"Doomesday Book" by Connie Willis. (Spoilers very much welcome)

:smiley: Wumpus, I love it. Doomsday Book: The Sequel!

Seriously, justplainDave, this book rocks. Any teacher who assigns it as reading must be ultimately cool.

A highly neglected Connie Willis book: Bellwether. Great, typically complex story about societal trends, chaos theory and a researcher’s campaign for grant money…

Agree about Bellwether.
Passages is excellent as well, and yes, To Say Nothing of the Dog is swell, esp if you have read the original Jerome novel.
However, Doomsday is still my favorite.
It’s well worth reading, and I agree that any teacher who assigns it is very cool.

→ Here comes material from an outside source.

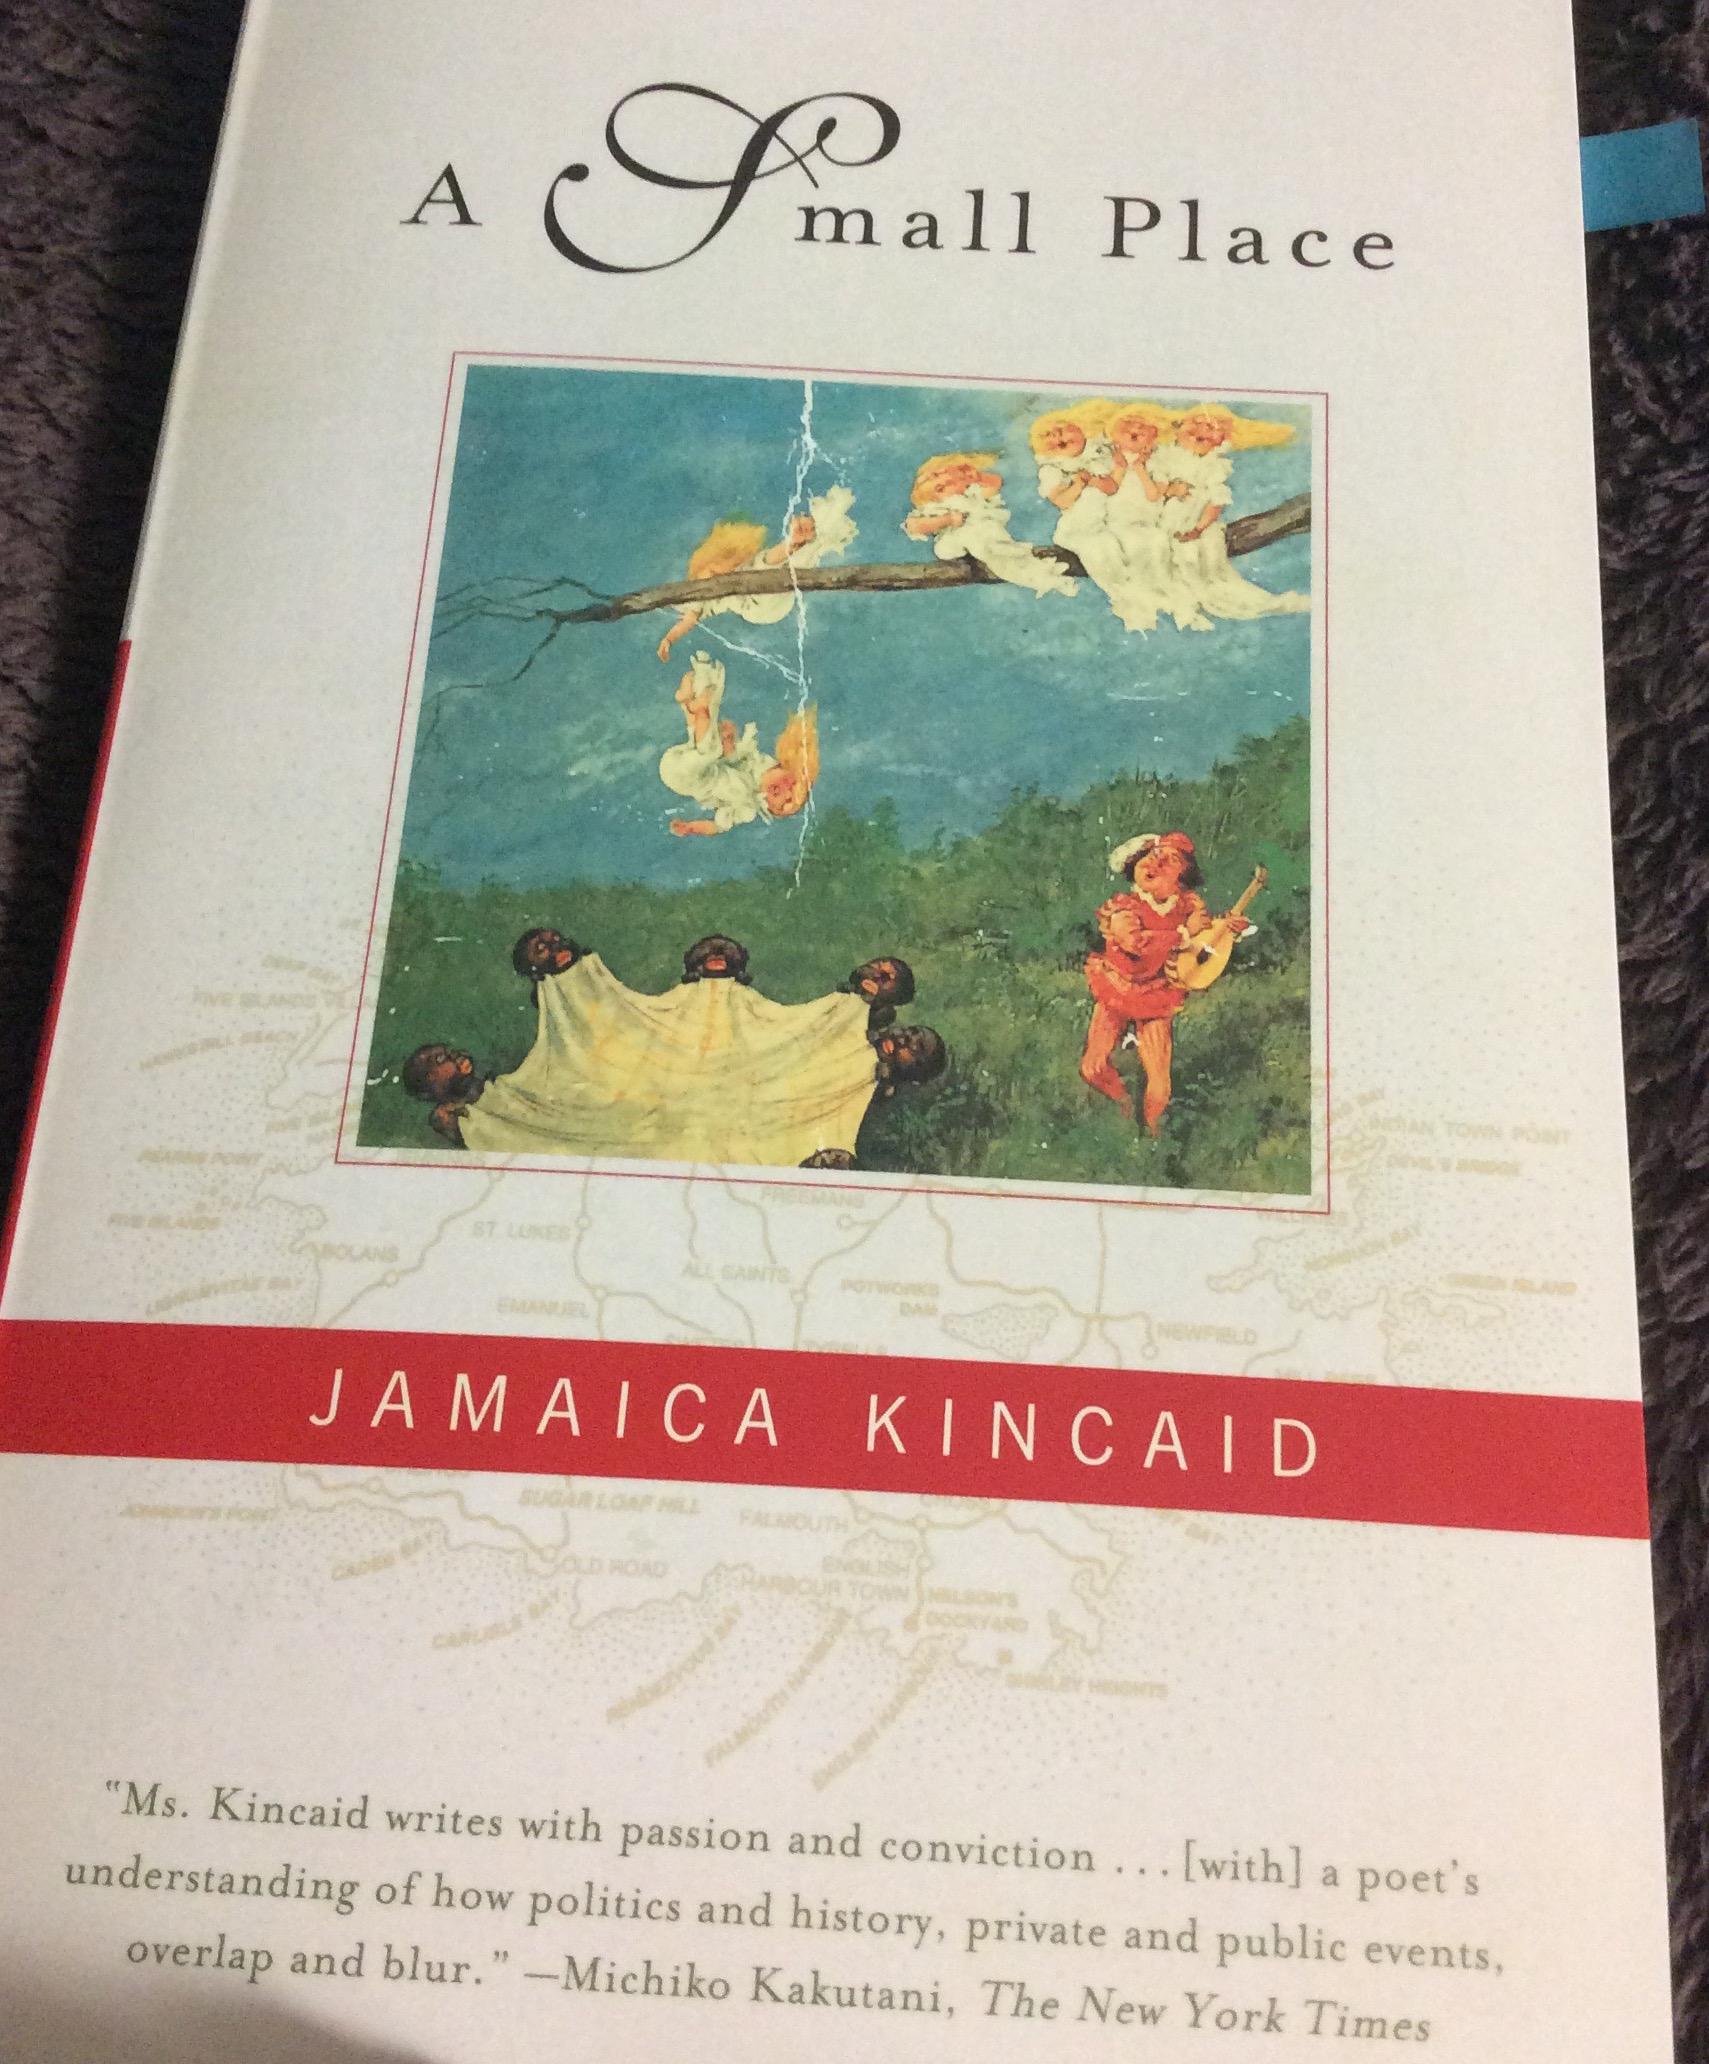 jamaica kincaids essay a small place

On my first read, I was pretty sure this was a pretty non-heavy-handed redemption thematic bit. But it seems to me there’s some interesting subtext I can’t quite put my finger on. There’s little hints here and there–the same mannerisms, little habits of speech–that Mary’s, thematically, the same as Roche, simply acting differently only because it’s a different context. Something akin to how water takes on the shape of the vessel it’s poured into. It’s a human equivalent to how the retrovirus sent back from the paradox-source in 2530 triggered both the Plague itself by acting as a mutagenic co-factor, and served as an airborne cure to the ebola-like bioterror agent ripping the world apart in the book’s present-day.